* [DIRECTIONS]: In the material below, begin at the line that has "Lincoln England slim", stop after the line that has "See The Dumped", and transcribe those lines exactly, without pictures.

* [MATERIAL SUPPLIED]:
--- --- ---

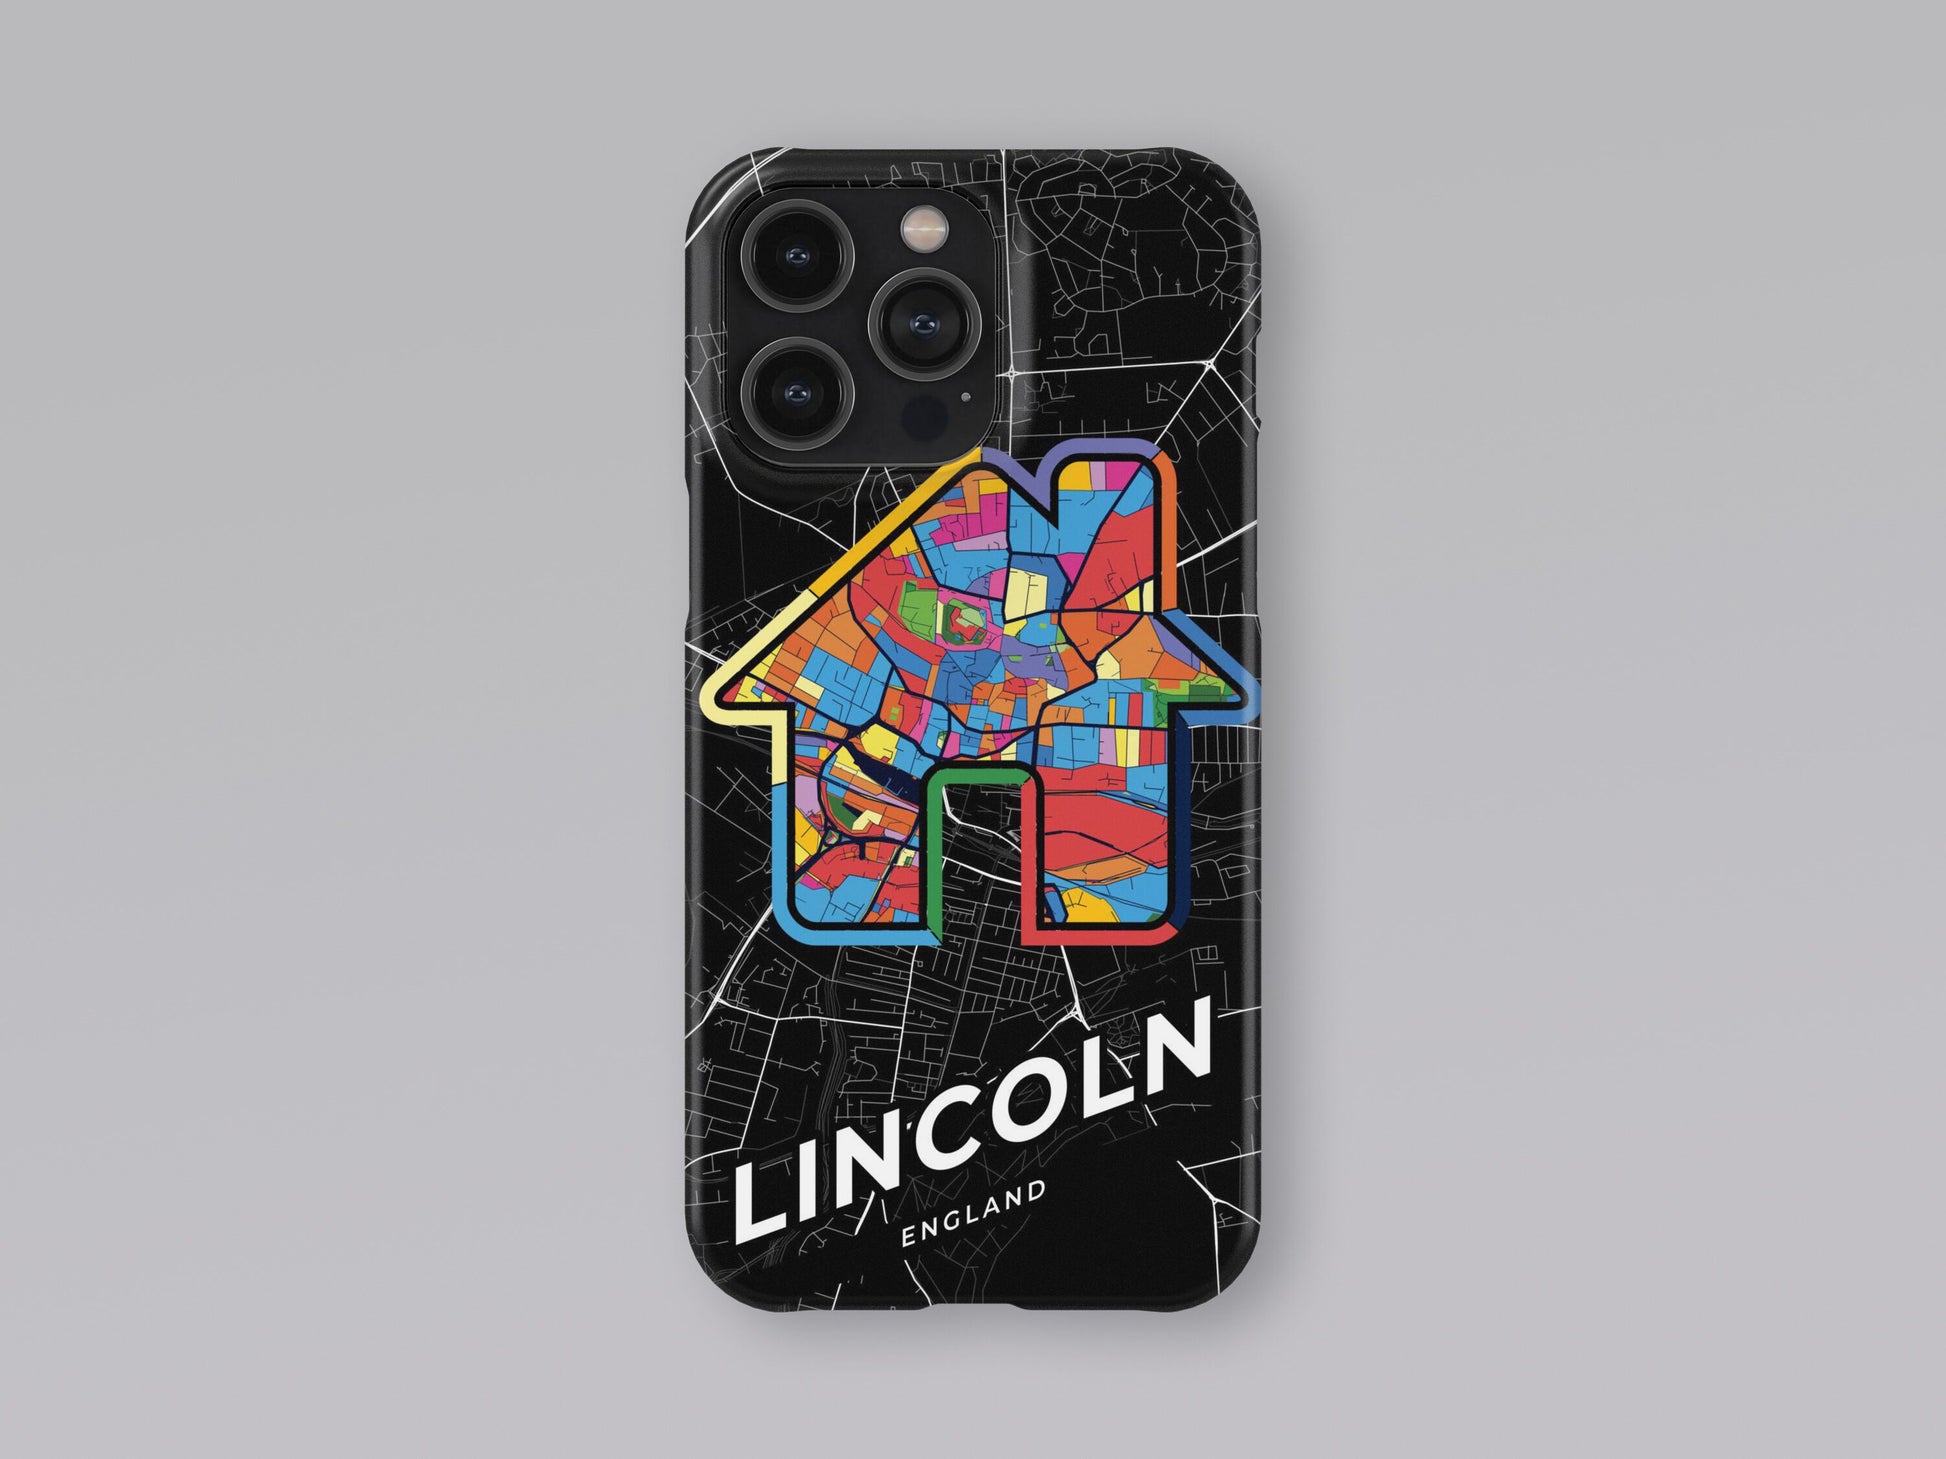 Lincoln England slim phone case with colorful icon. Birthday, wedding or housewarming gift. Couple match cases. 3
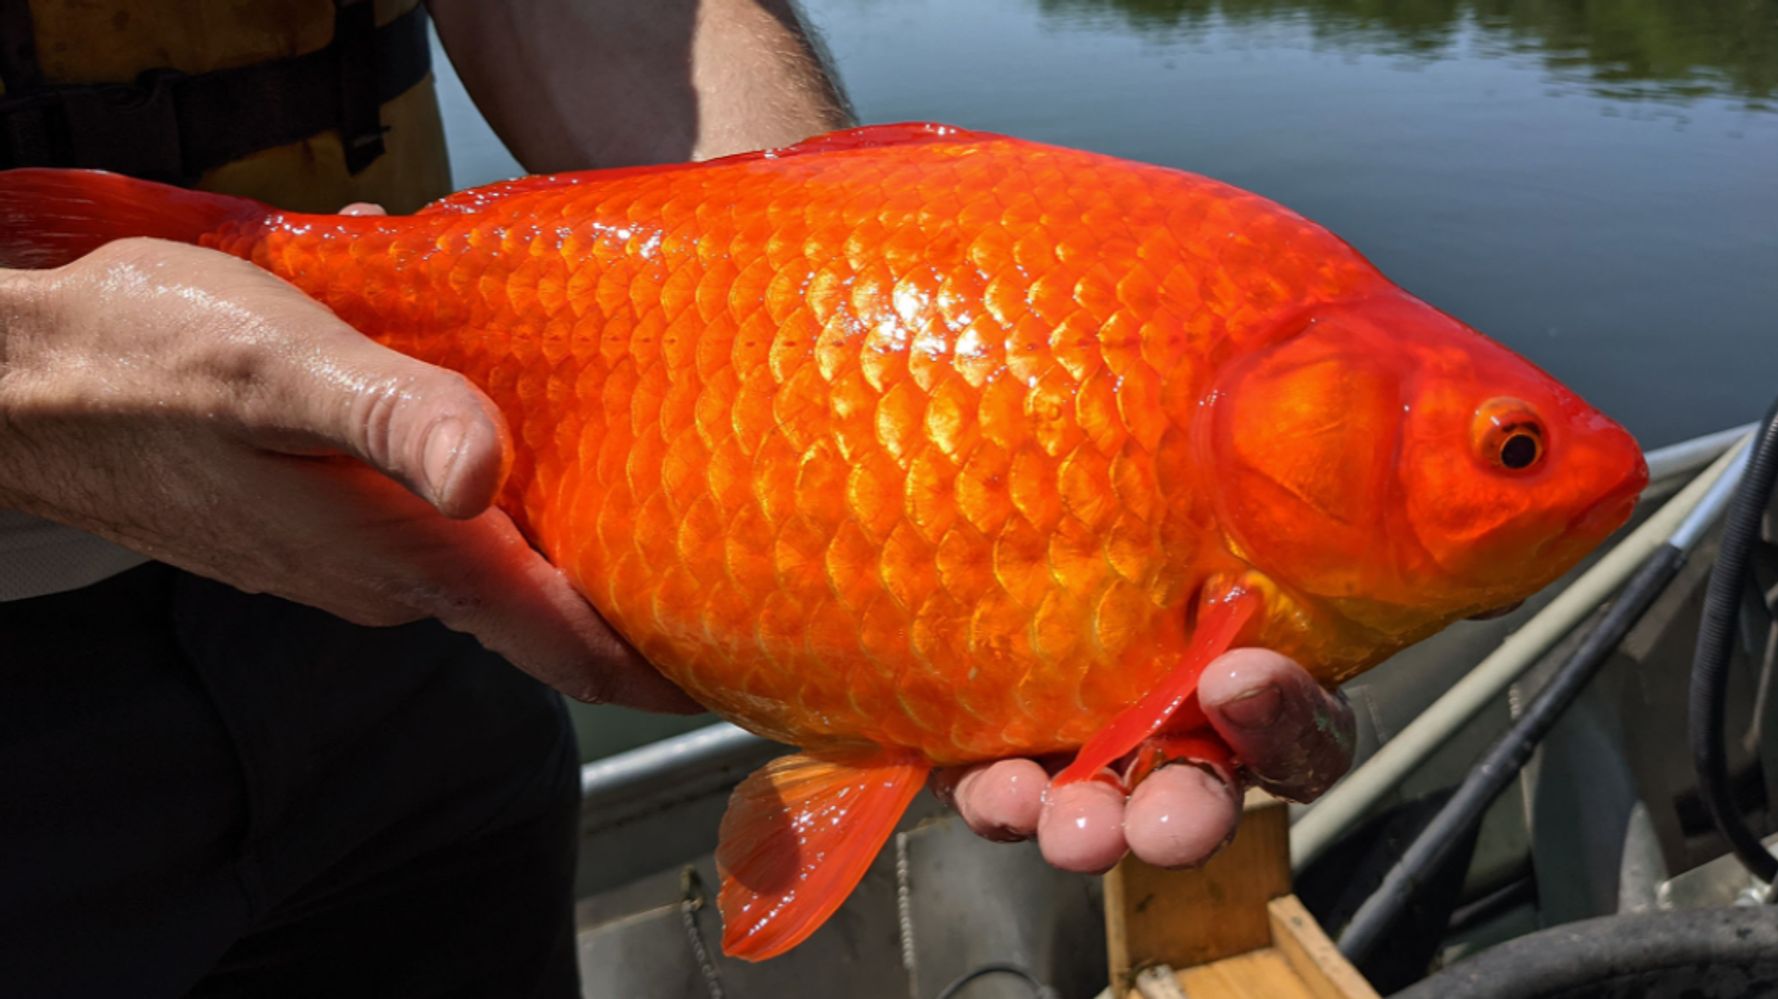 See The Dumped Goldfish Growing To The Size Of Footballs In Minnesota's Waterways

--- --- ---

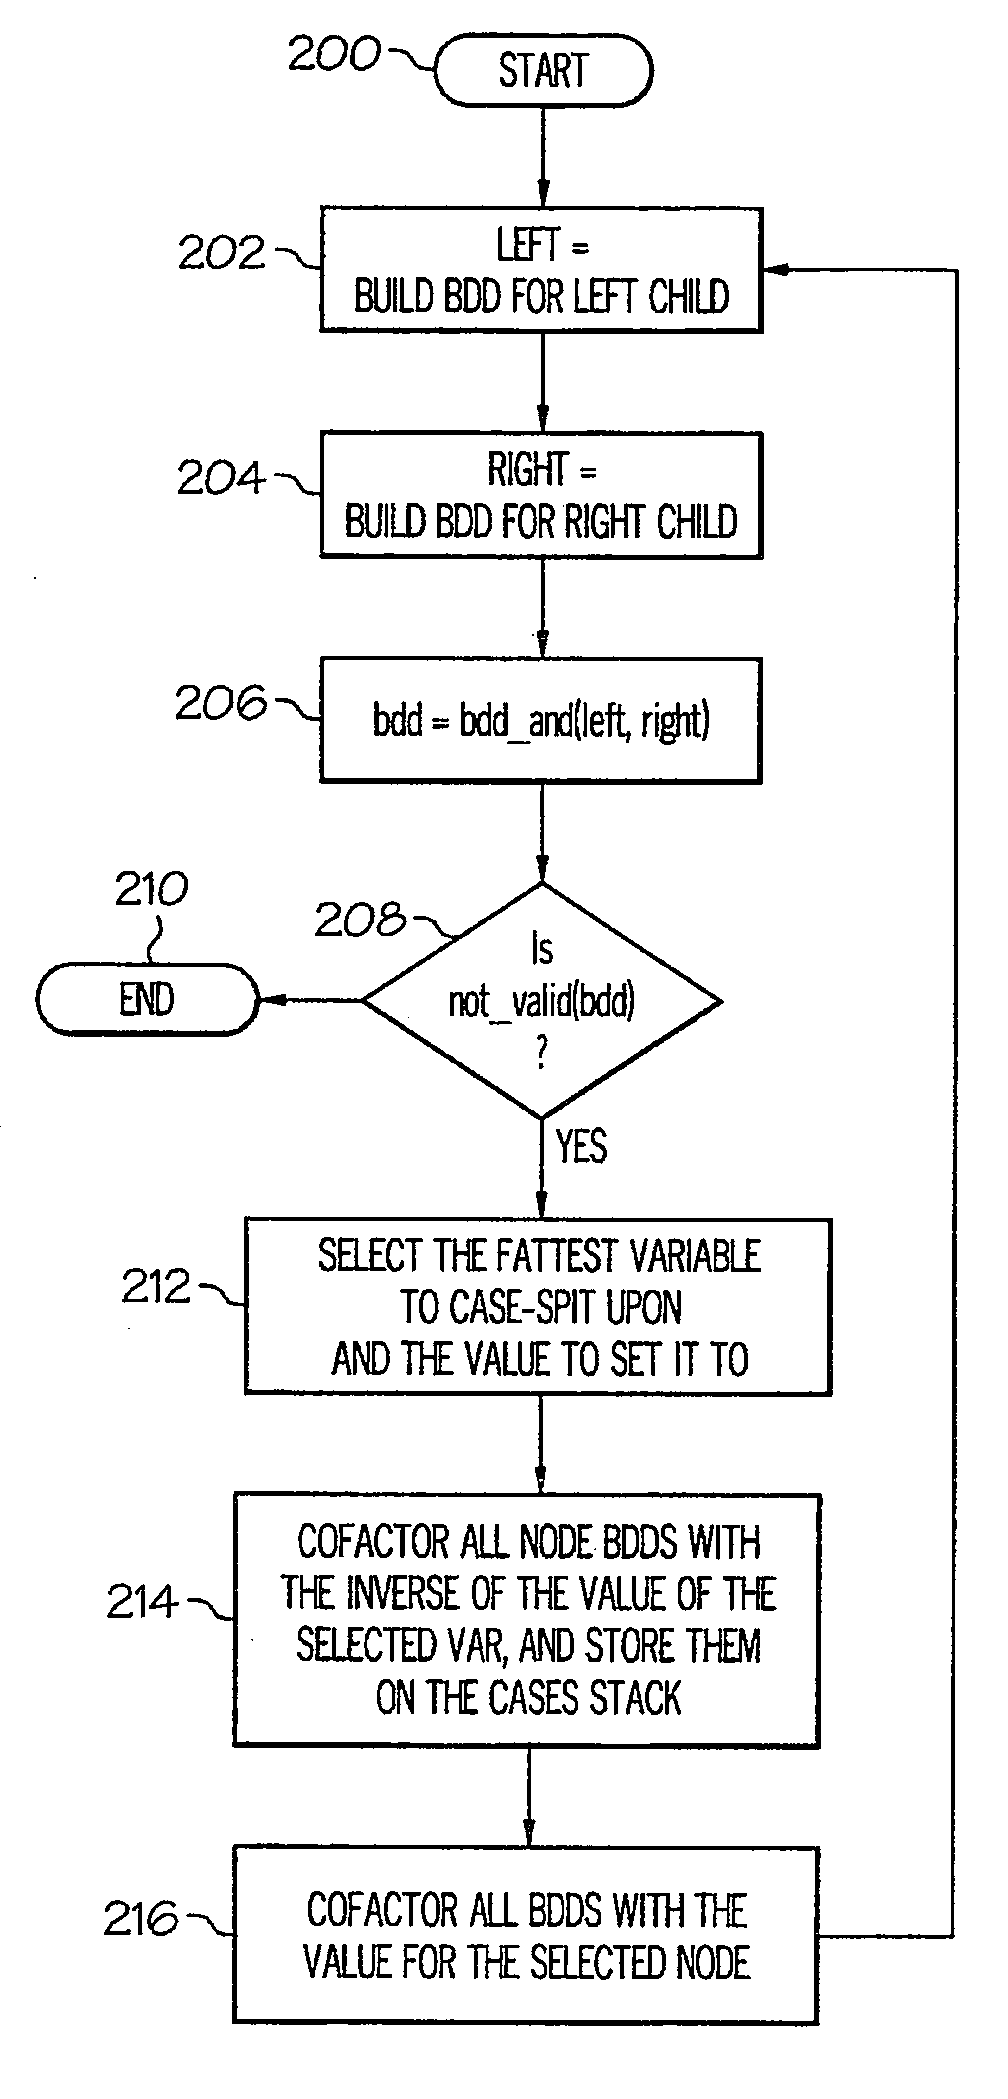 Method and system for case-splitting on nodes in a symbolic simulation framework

--- --- ---

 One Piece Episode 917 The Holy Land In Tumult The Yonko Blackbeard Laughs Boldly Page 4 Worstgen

--- --- ---

* [RESULT FOR THIS EXERCISE]:
 Lincoln England slim phone case with colorful icon. Birthday, wedding or housewarming gift. Couple match cases. 3
 See The Dumped Goldfish Growing To The Size Of Footballs In Minnesota's Waterways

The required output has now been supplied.